"Never! Never!" she said. She almost said it aloud, so real had her fear been. Her eyes, fixed upon the minister's face, were terrified, but her soul was strong. Fearful of blasphemy, yet brave, she faced the bogie of a God her thought had evoked, saying, "I make my own choice. Take my lover from me if you will—I shall never give myself to another."

All this was very wrong, shocking even, especially in church. But it really happened and is apt to happen any Sunday in any church so long as human love rebels at the idea of a Divine love less tender than itself.

Gradually the panic fear died down. Esther's sane and well-balanced nature began to assert itself. Some voice, small but insistent, began to say, "God is not like that," and she listened and was comforted. She had not yet come to the love which casts out fear, but she was done with the fear which casts out love.

So that when on the church steps in the sunshine she felt Angus Macnair's hand tremble in hers, she was able to meet his eyes, straightly, understandingly, but unafraid.

CHAPTER XXVI

The manner in which Dr. Callandar spent that tragic Sunday is not clearly on record. We have watched Esther so closely that he has been permitted to escape our observation, and it would be manifestly unfair to expect any coherent account of the day from him. He knows that he went for a walk, early, and that he walked all day. He remembers once resting by the willow-fringed pool which had seen his introduction into Coombe, but he could not stay there. Between him and that hot June day lay the wreck of a world. Once he stumbled upon the Pine Lake road and followed it a little way. But here, too, memory came too close and drove him aside into the fields. There he tried to face his future fairly, under the calm sky. But it was hard work. With such a riot of feeling, it was difficult to think. His mind continually fell away into the contemplation of his own misery. It was a bad day, a day which left an ineffaceable mark.

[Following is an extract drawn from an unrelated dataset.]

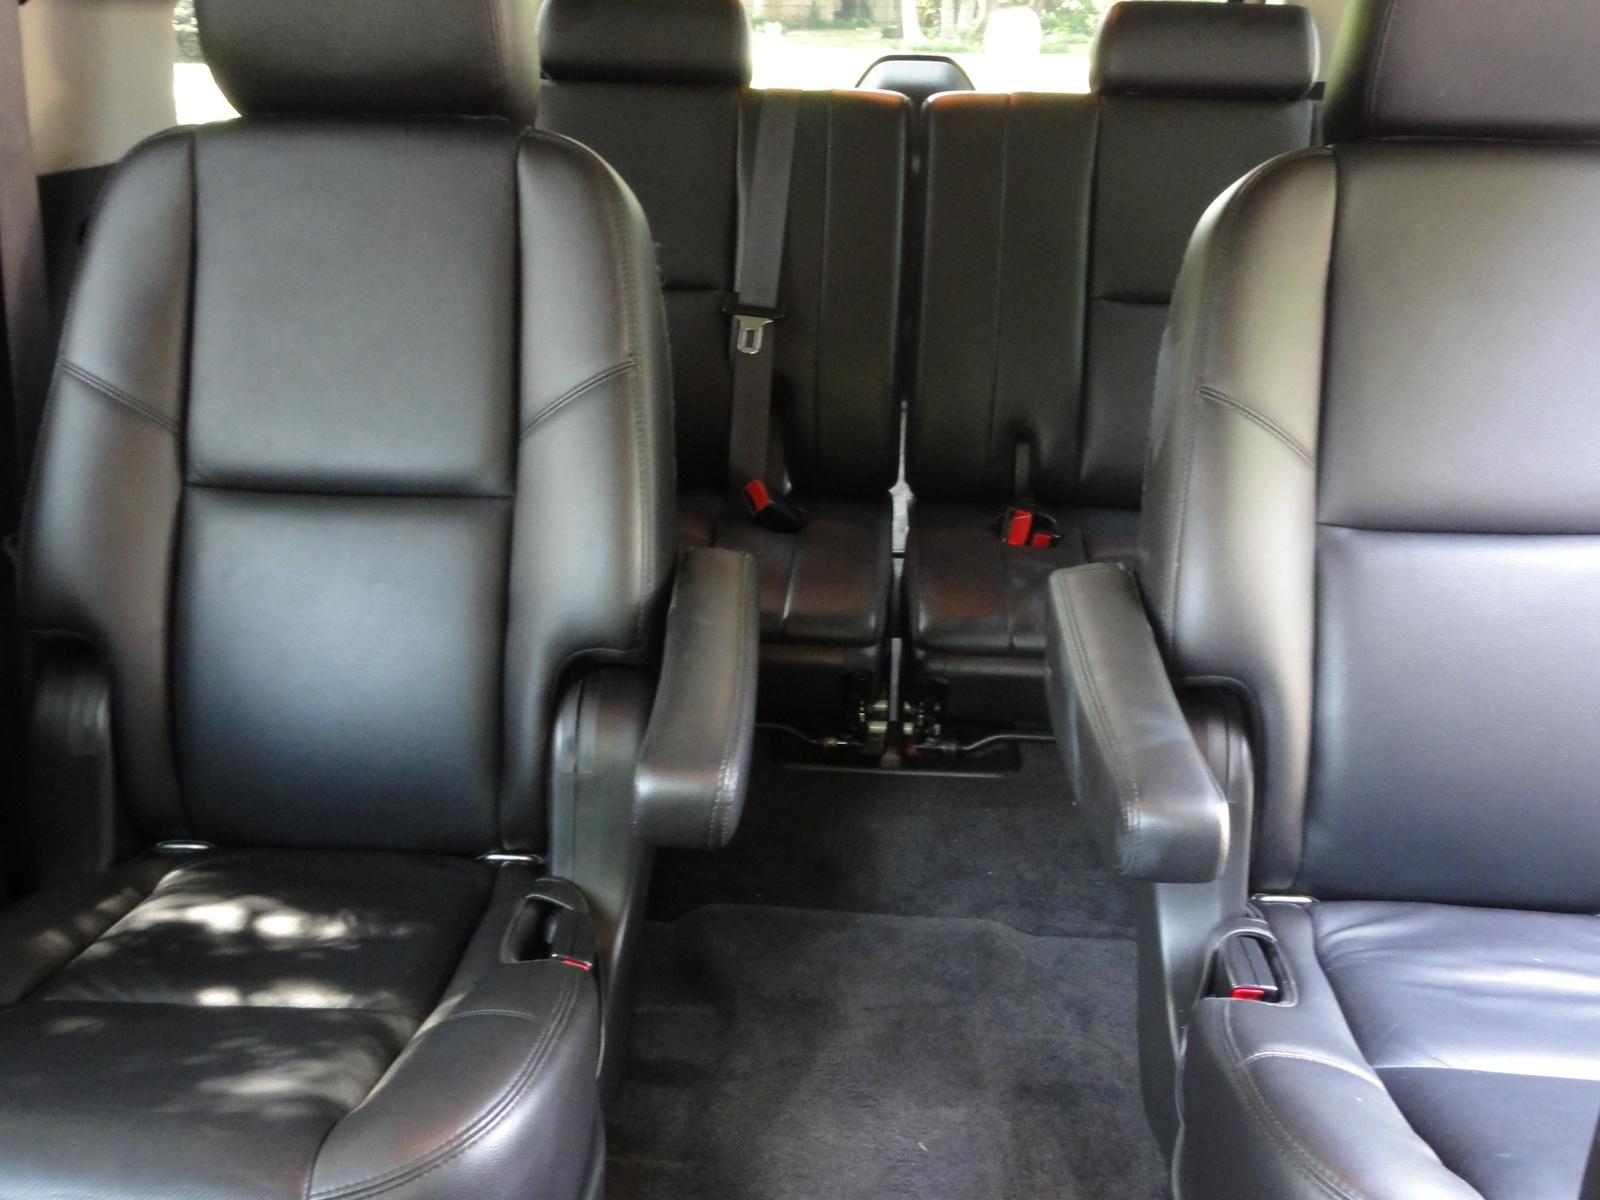 2011 chevrolet suburban interior pictures cargurus - Chevrolet suburban interior dimensions ...

With night came the first sign of peace, or rather of capitulation. He fought no more because he realised that there was nothing for which to fight. There had never been, from the very first moment, a possibility of escape, the smallest ray of hope. Fate had met him squarely and the issue had never been in doubt.

It was a "wonderful clear night of stars" when, having circled the town in his aimless wandering, he found himself opposite the schoolhouse gate and calm enough to allow his thoughts to dwell definitely upon Esther. She, at least, was safe, and the knowledge brought pure thankfulness. Not for anything in the world would he have had her entangled in this tragic coil. Leaning over the gate he saw the school steps, faintly white in the starlight. It needed small effort of imagination to see her there as he had seen her that first day—a happy girl, looking at him with the long, straight glance of unawakened youth. A great wave of protecting love went out to meet that vision. Self was lost in its immensity. As he had found her, so, please God, she was still and so he would leave her.

Then, somewhere in the back of his brain, a question sprang to vivid life. Was she the same? He knew that all day he had been fighting back that question. Last night something had frightened him—something glimpsed for a moment in Esther's face when she had come in from the garden to say good-night. Fancy, perhaps, or a trick of the lamplight. She could not really have changed. He would not allow himself even to dream that she had changed.

By this time she would know about himself and Mary—know all that any one was to know. He had insisted upon that. Mary had promised to tell her to-day that they were to be married soon. Next time he saw her she would look upon him with different eyes; eyes which would see not her sometime friend and companion but her step-mother's future husband. He must steel himself for this. Probably she would laugh a little. He hoped she would laugh. Last night she had looked so—she had not looked like laughter. If she should laugh it would answer the last doubt in his heart. He would know that she was free.